Ma è davvero questa la riforma di cui abbiamo bisogno?
In verità a livello costituzionale lo Stato ha già la responsabilità intera del sistema sanitario nazionale e dell’emergenza sanitaria.
Infatti la tutela della salute e il coordinamento della finanza pubblica spettano sì alle regioni, ma i principi fondamentali li detta lo Stato (art.117 co.3 Cost.).
La ragione è semplice. Si vuole garantire a ogni regione un’adeguata distribuzione delle risorse economiche e a ogni italiano uno standard minimo di servizi sanitari.
In altre parole lo Stato condiziona minuziosamente la spesa e i servizi nel campo sanitario.
Ne sono prova i Piani di Rientro – strumenti finalizzati a verificare la qualità delle prestazioni sanitarie e a raggiungere il riequilibrio dei conti dei servizi sanitari regionali – in cui sono impegnate 7 regioni (Abruzzo, Calabria, Campania, Lazio, Molise Puglia e Sicilia), di cui 4 commissariate (Campania, Lazio, Molise e Calabria).

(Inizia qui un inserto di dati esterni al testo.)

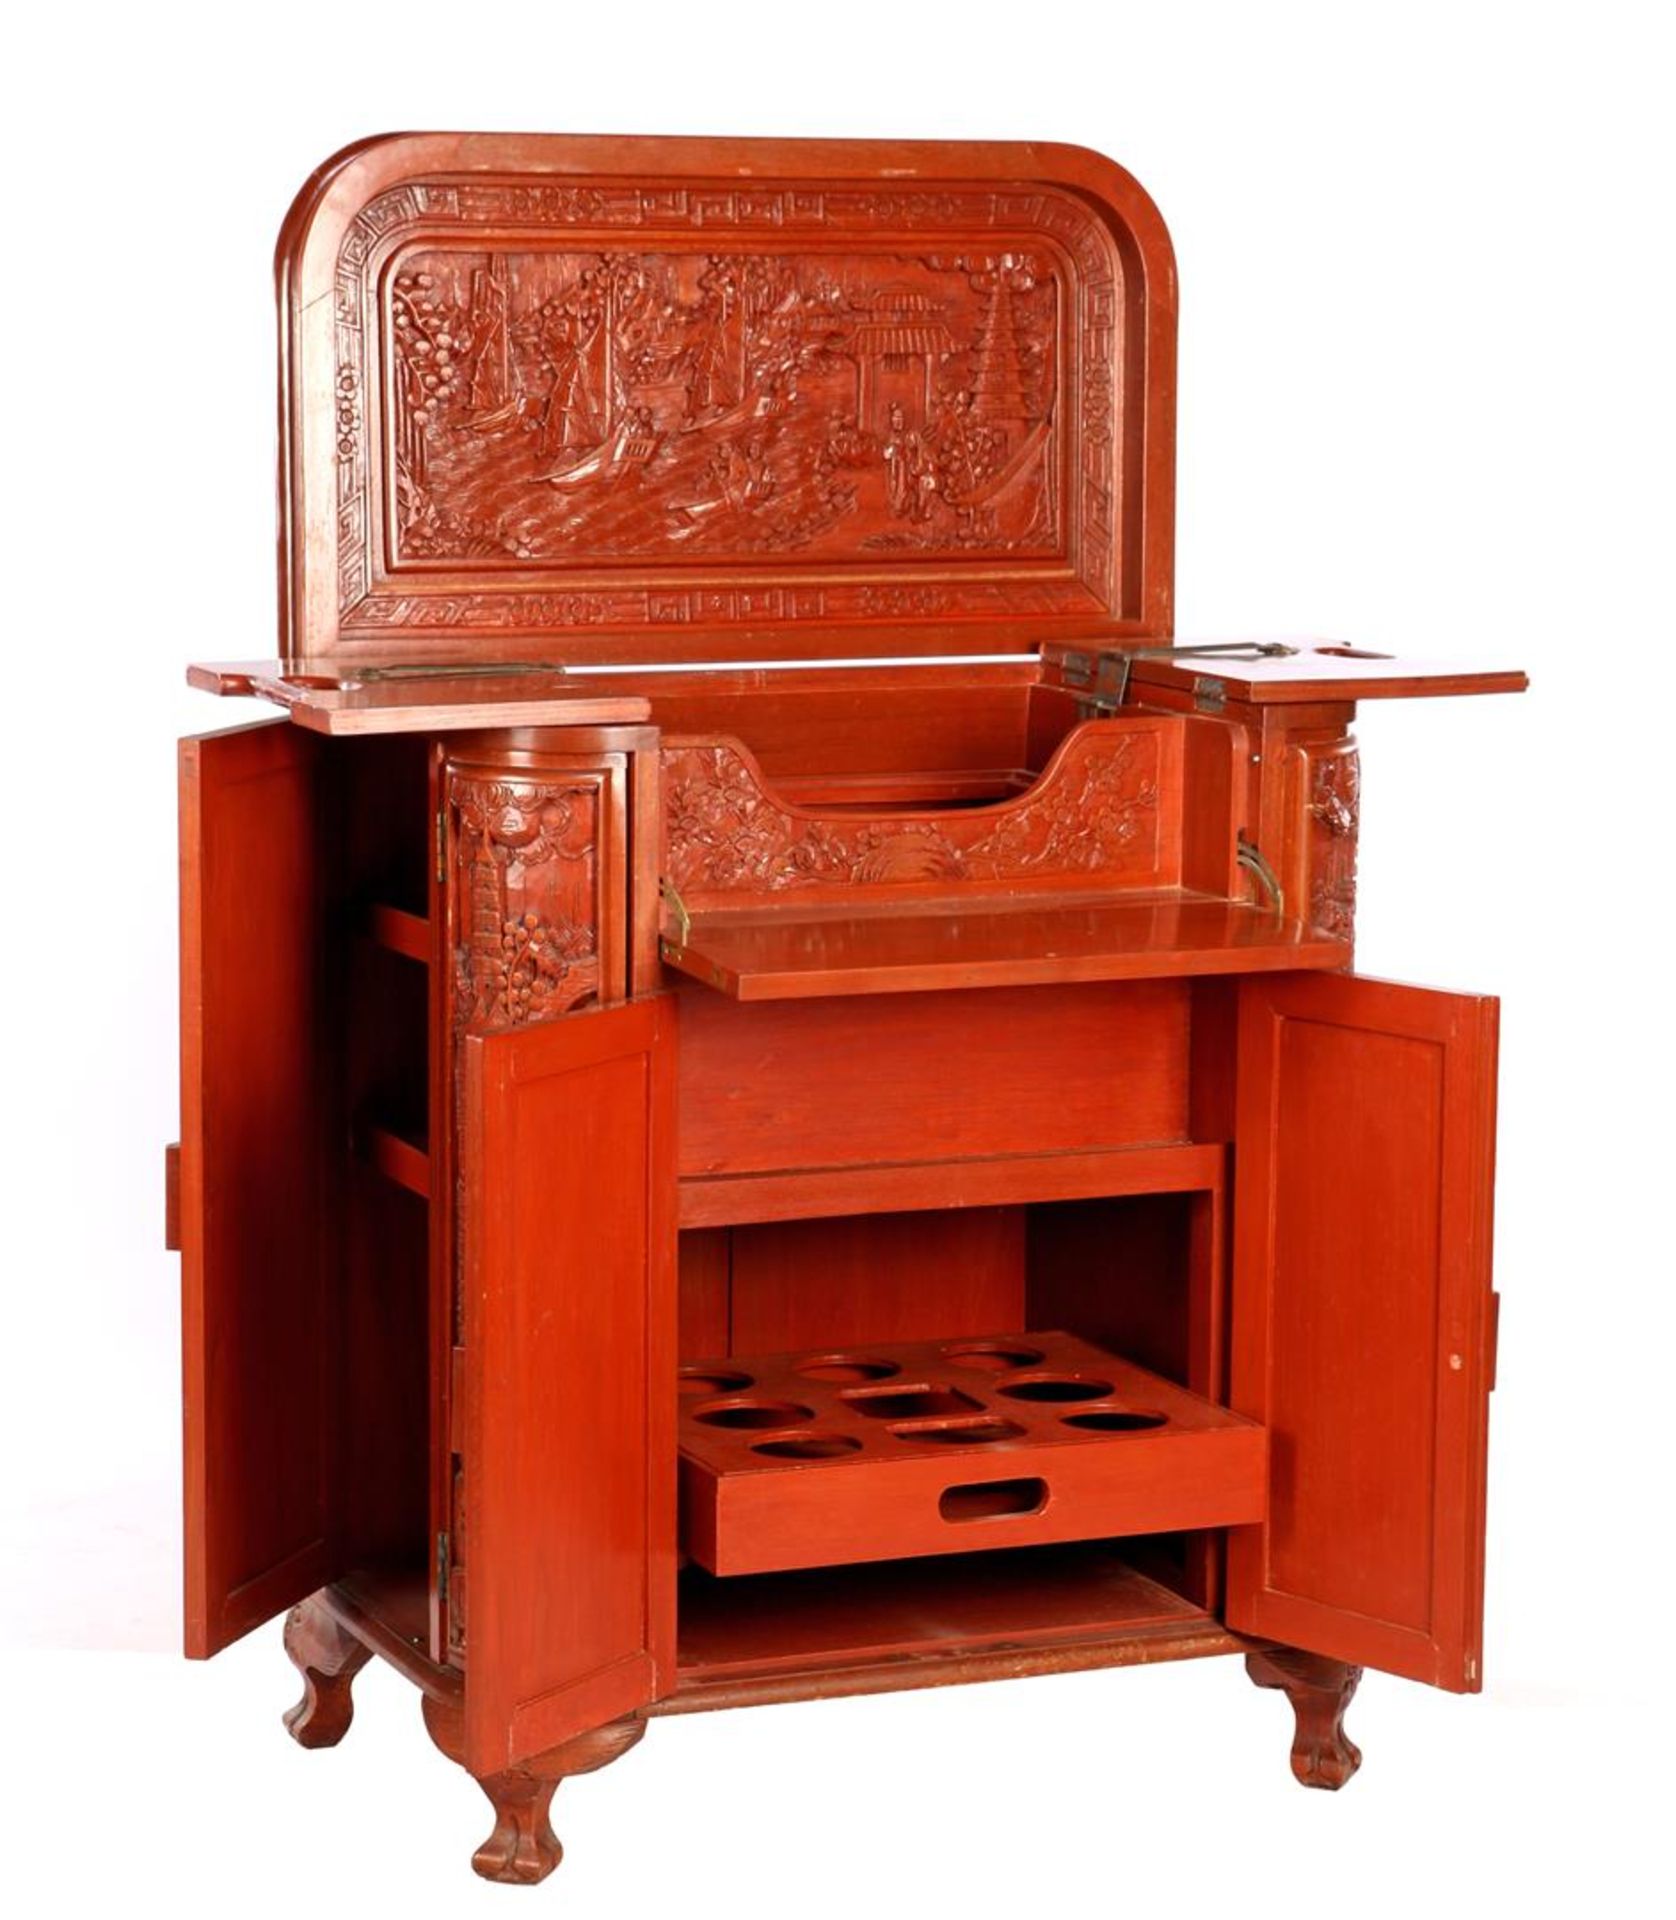 Oriental bar furniture - Image 6 of 6

A ciò si aggiunga che “il Governo può sostituirsi a organi delle Regioni, nel caso di pericolo grave per l’incolumità e la sicurezza pubblica” (art.120 comma 2 Cost.).
Ma questo non è accaduto.
Anzi il Governo non solo ha gestito l’emergenza riducendosi a inseguire le ordinanze di Presidenti di Regione e Sindaci, ma ha anche preferito al decreto legge, strumento costituzionalmente dedicato (art.77 commi 2,3 Cost.), il decreto del Presidente del Consiglio dei Ministri, una normativa di secondo livello, un atto non legislativo, ma amministrativo, che esclude dal confronto la minoranza parlamentare.
Scelte di sopravvivenza di un Premier debole perché privo di forza, tanto popolare per non essere stato eletto direttamente dai cittadini, quanto di governo perché condizionato da sempre variabili geometrie parlamentari.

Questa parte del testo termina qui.